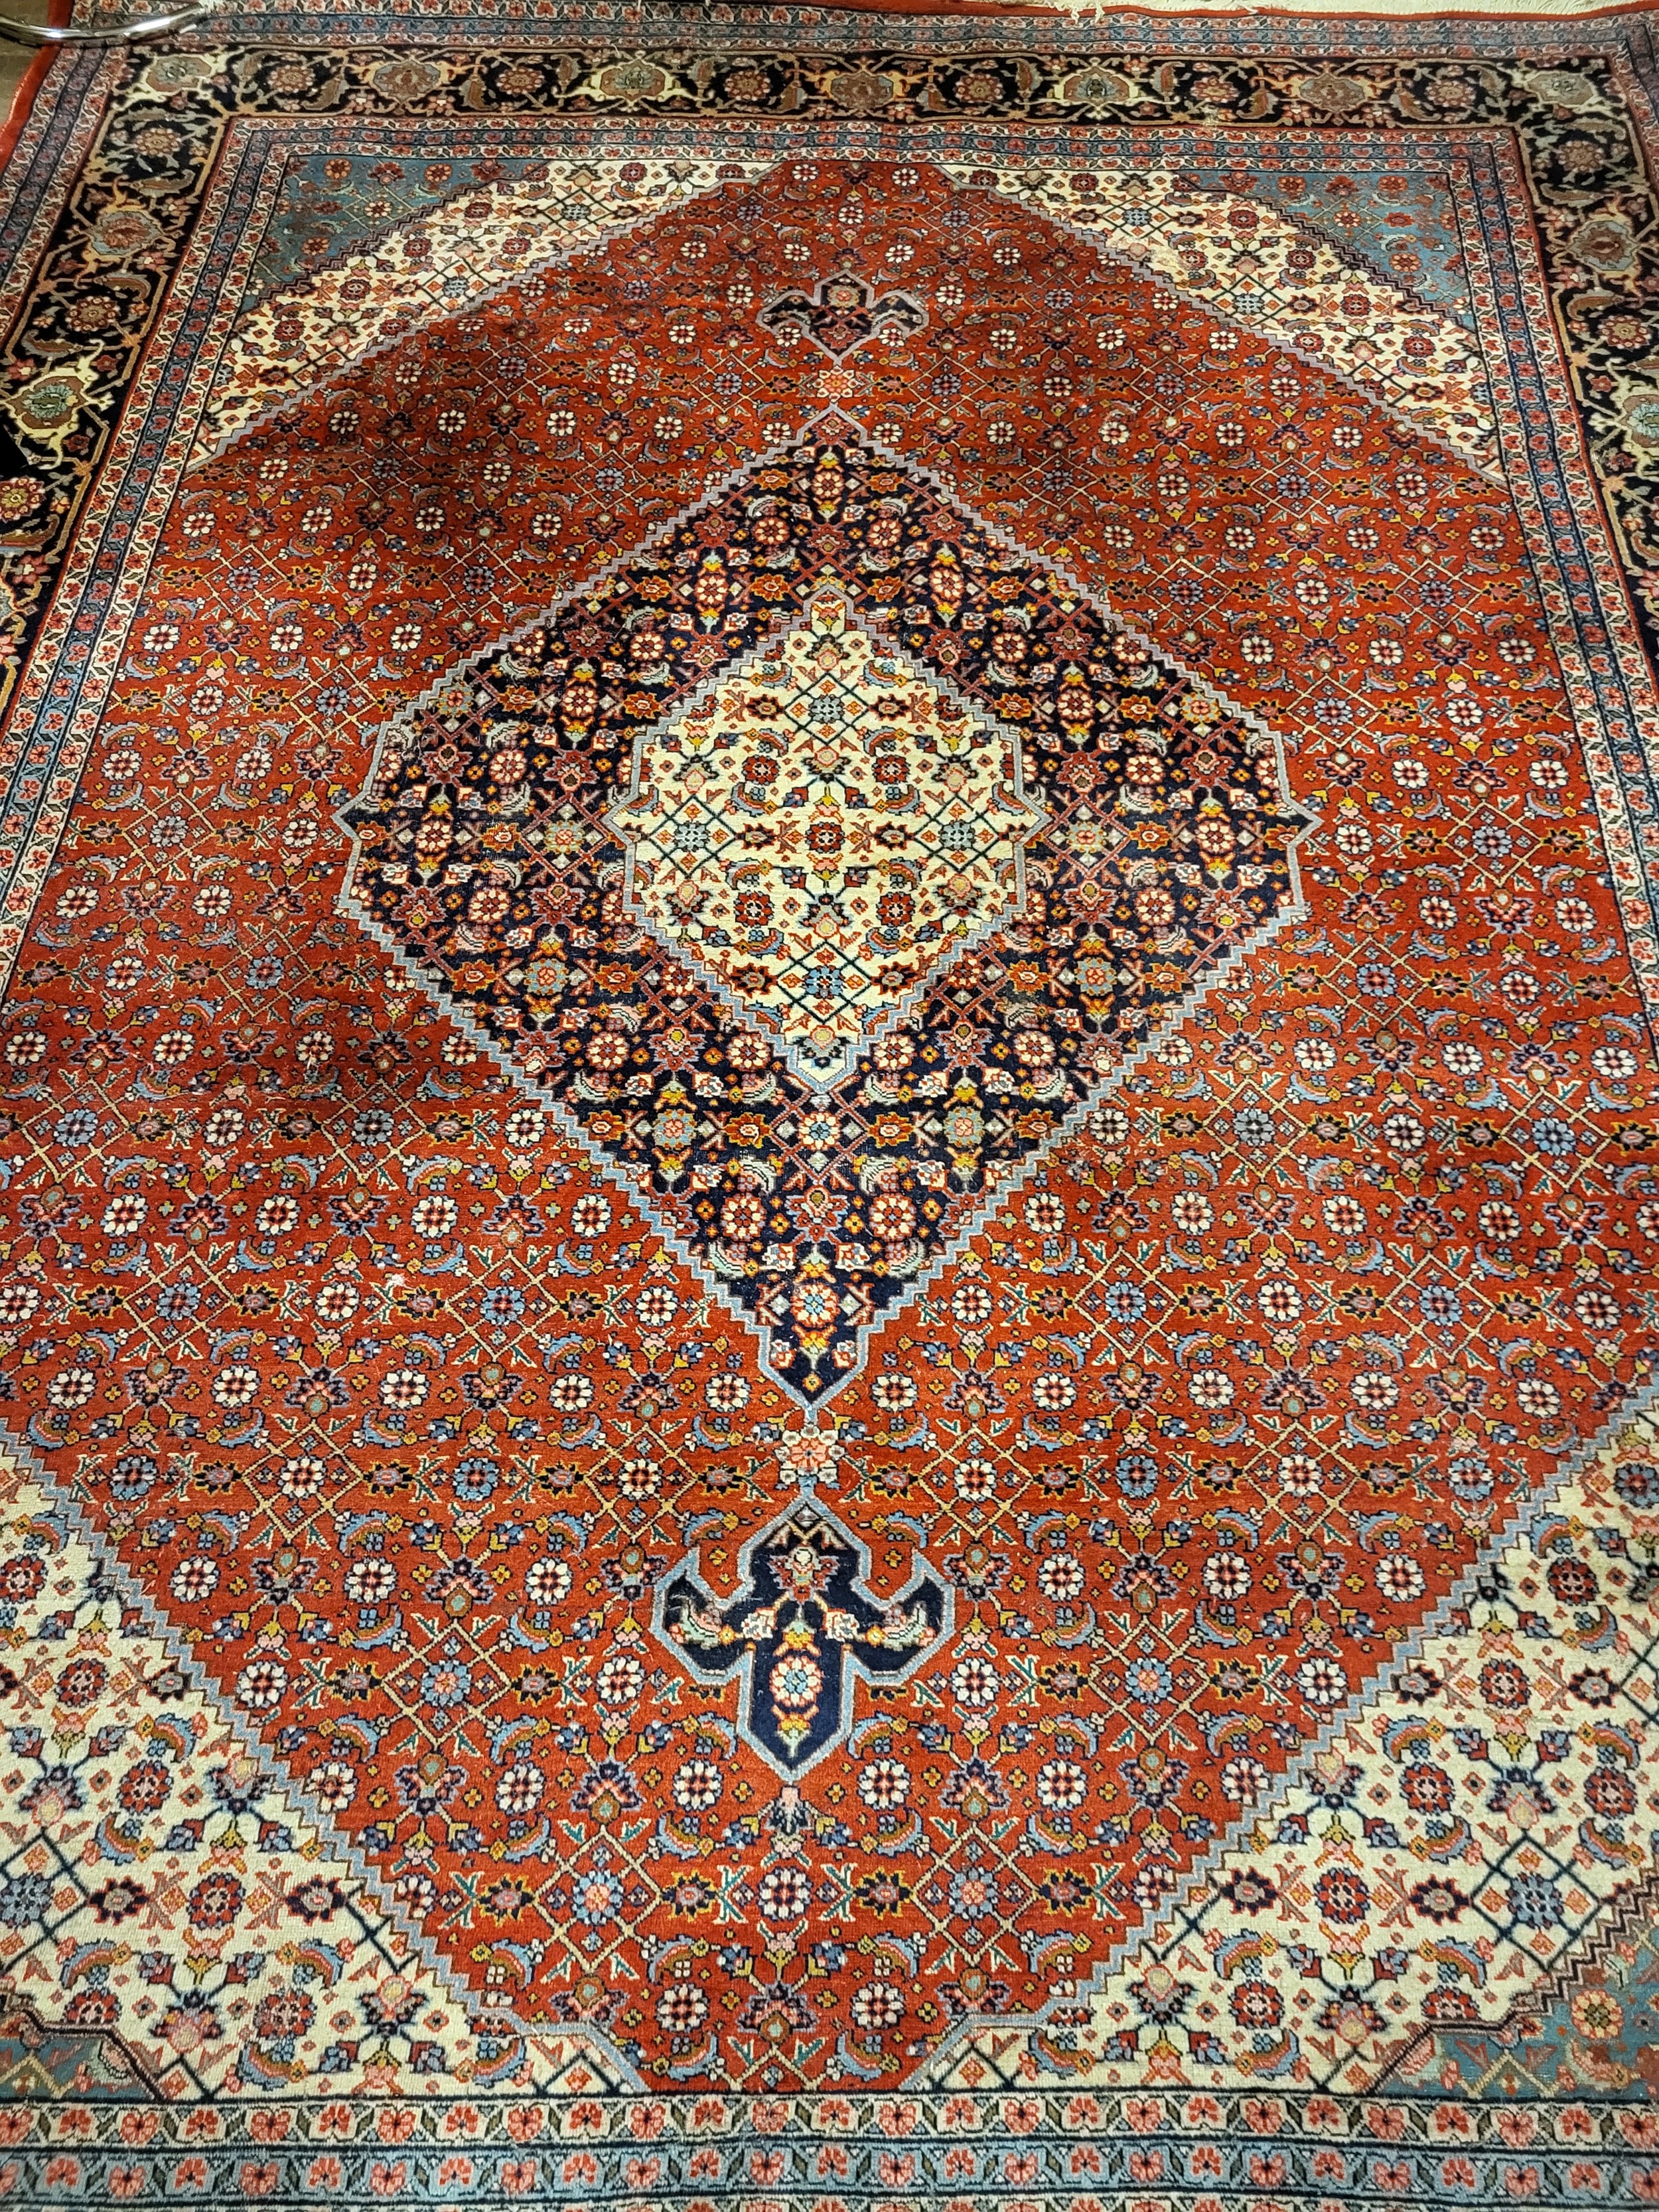 A LARGE INDIAN WOOLLEN RUG OF MIDDLE EASTERN DESIGN With central floral fields contained in seven
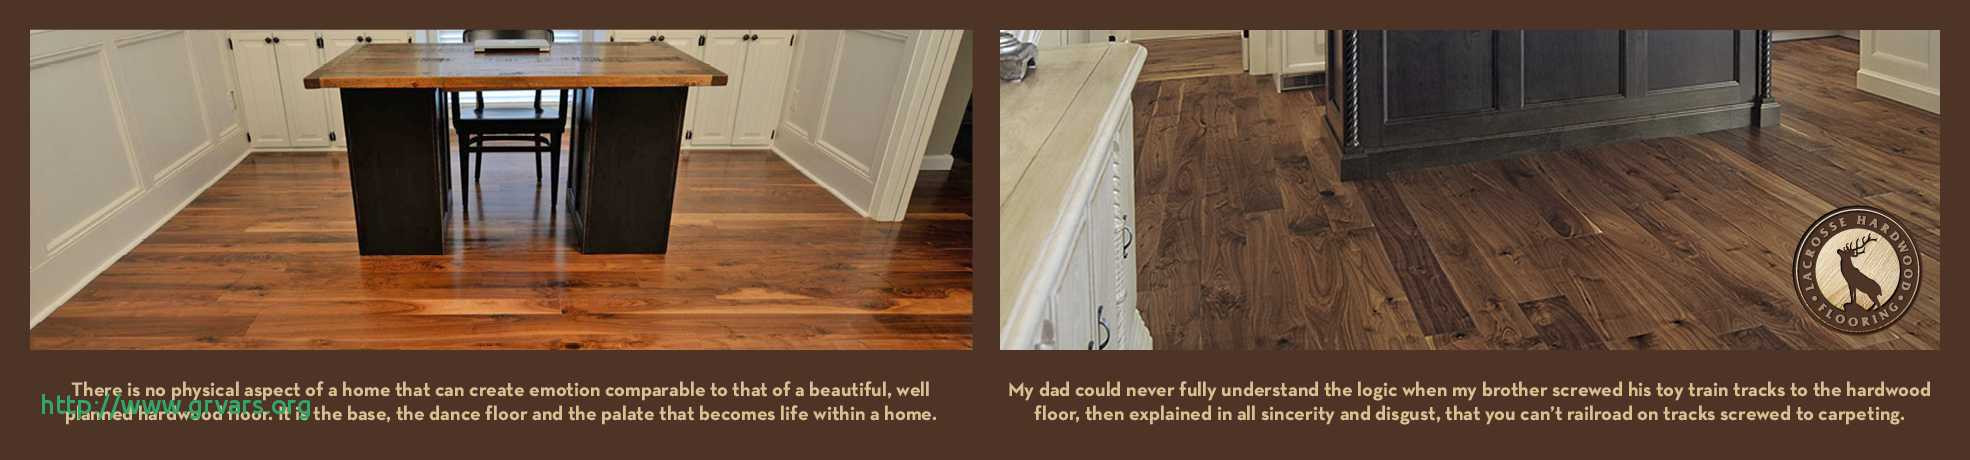 23 Awesome Price to Install Hardwood Floors Home Depot 2024 free download price to install hardwood floors home depot of 25 luxe average price for installing hardwood floors ideas blog with average price for installing hardwood floors impressionnant lacrosse hardw
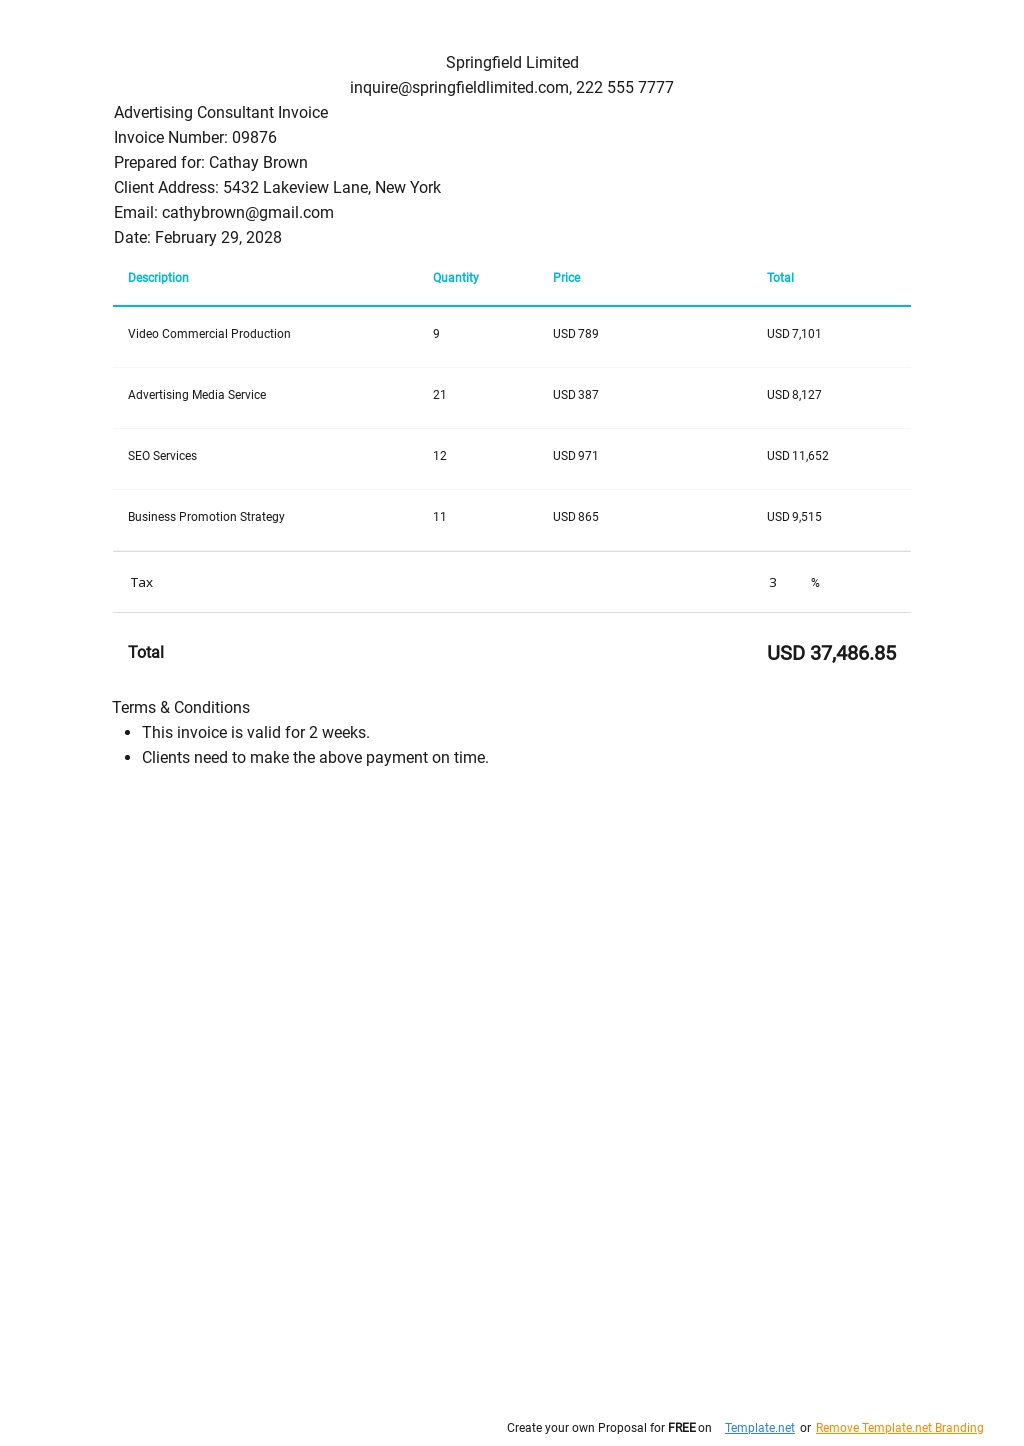 Advertising Consultant Invoice Template - Google Docs, Google Sheets, Excel, Word

DIRECTIONS FOR THIS TASK | Excluding pictures, copy exactly the lines from the line containing "23 Awesome Price" through the last line of the data, inclusive.

WRITTEN RESPONSE |
 23 Awesome Price to Install Hardwood Floors Home Depot 2024 free download price to install hardwood floors home depot of 25 luxe average price for installing hardwood floors ideas blog with average price for installing hardwood floors impressionnant lacrosse hardw
 Advertising Consultant Invoice Template - Google Docs, Google Sheets, Excel, Word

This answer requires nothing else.